Charlene Thomas, Ironton water administrator, said that implementing the stormwater utility fee had been a major headache.

"Oh, and it still is," Thomas said with a sigh. "Now I'm in the process of creating new accounts for all of the property owners. I was only through two routes as of yesterday, and I'd already created 149 accounts."

Although the fee will be applied to residences, Paul Sheets, engineering tech, said that businesses will not be receiving their $14.55 per 3,000 square feet charge, but rather a flat $14.55 until all the account work is completed.

The major hold-up has been the abandoned and rental properties that are affected by the fee.
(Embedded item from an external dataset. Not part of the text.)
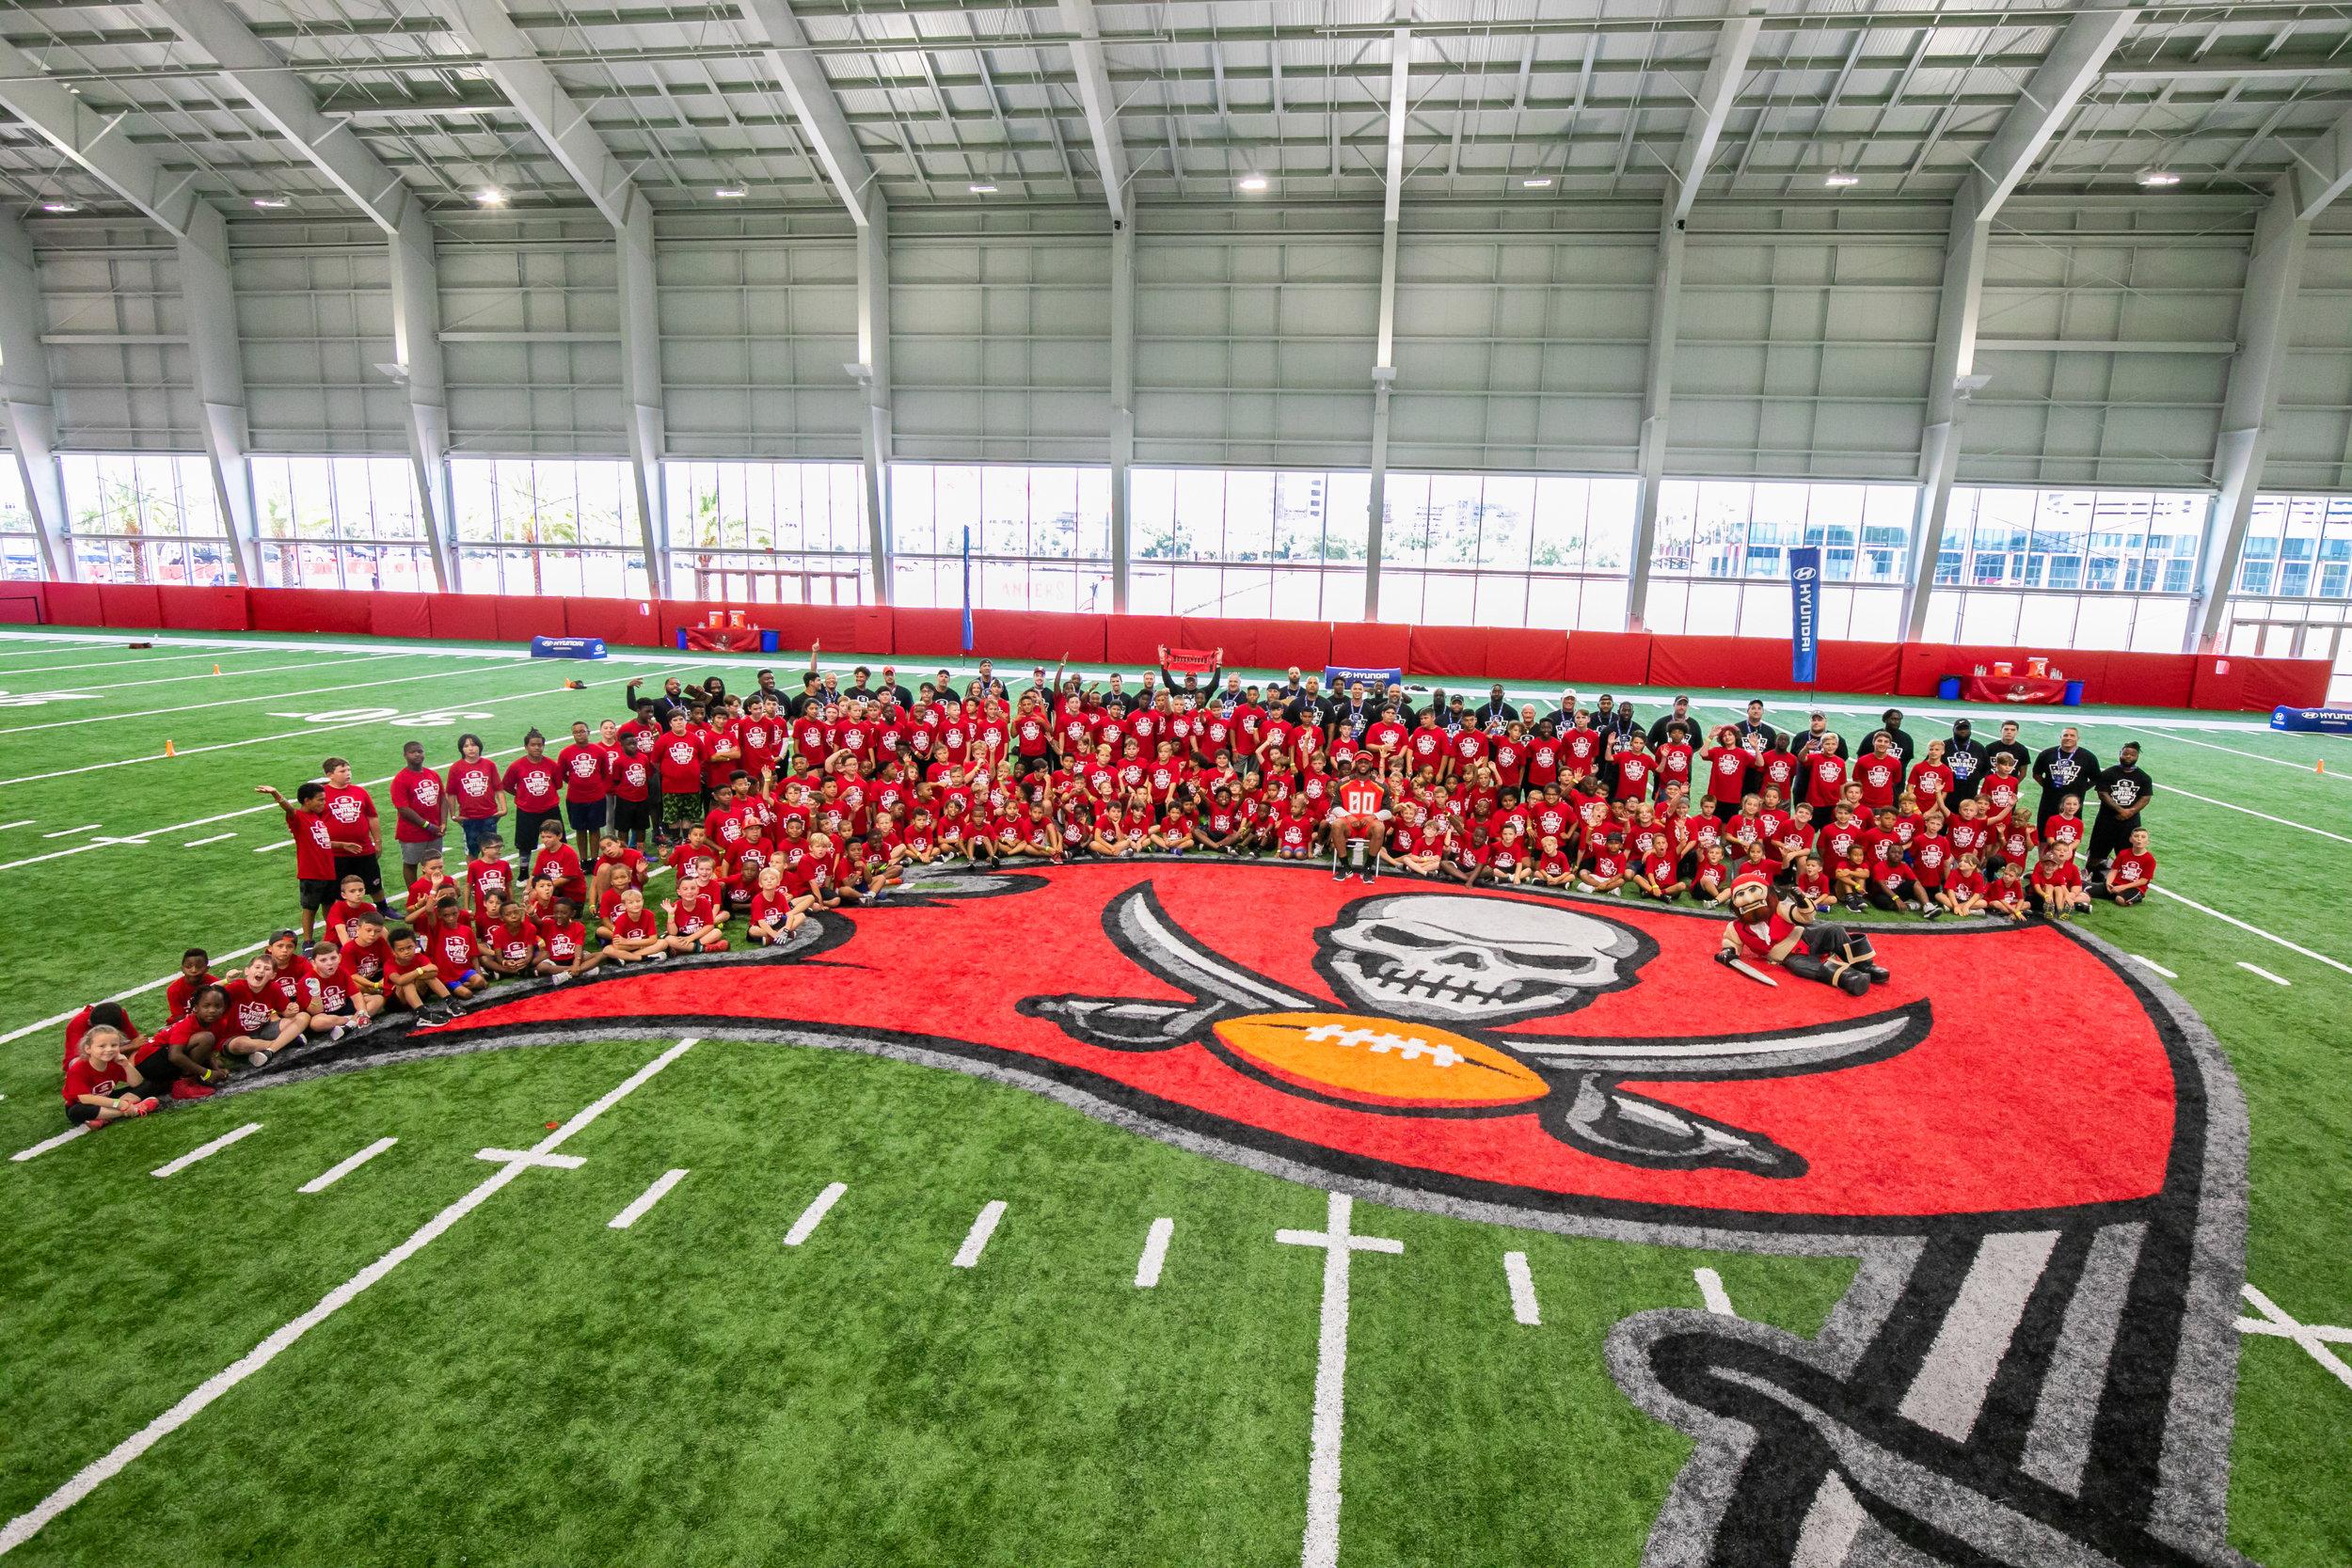 OHelloMedia-Hyundai-YouthFootballCamps-TampaBay-TopSelect--51.jpg

Although owners of those properties may not have been receiving a water bill before, they had to be included into the system for the stormwater utility fee.

Sheets said he is not positive that he has accounted for all properties.

"We're not 100 percent sure that we have all of the non-residential properties calculated at this point," Sheets said.

"So what we're wanting to do is put the $14.55 on for the first month to get it started, and next month we will have everything in the computer and all the businesses will get hit with the full bill at the same time."

That's good news for businesses, some of which will save thousands by not having to pay their full charge until their October bill, but bad news for residents like senior citizen Jean Frecka, a life-long Irontonian living on a fixed budget.

"Oh, it makes it hard on people, on me, when you just live on a little income," Frecka said. "I only live on $500 a month, I can't hardly make it. I don't know what I'm going to do."

Water meters are being read this week, Thomas said, and bills should be issued at the end of this month with a due date of Sept. 12.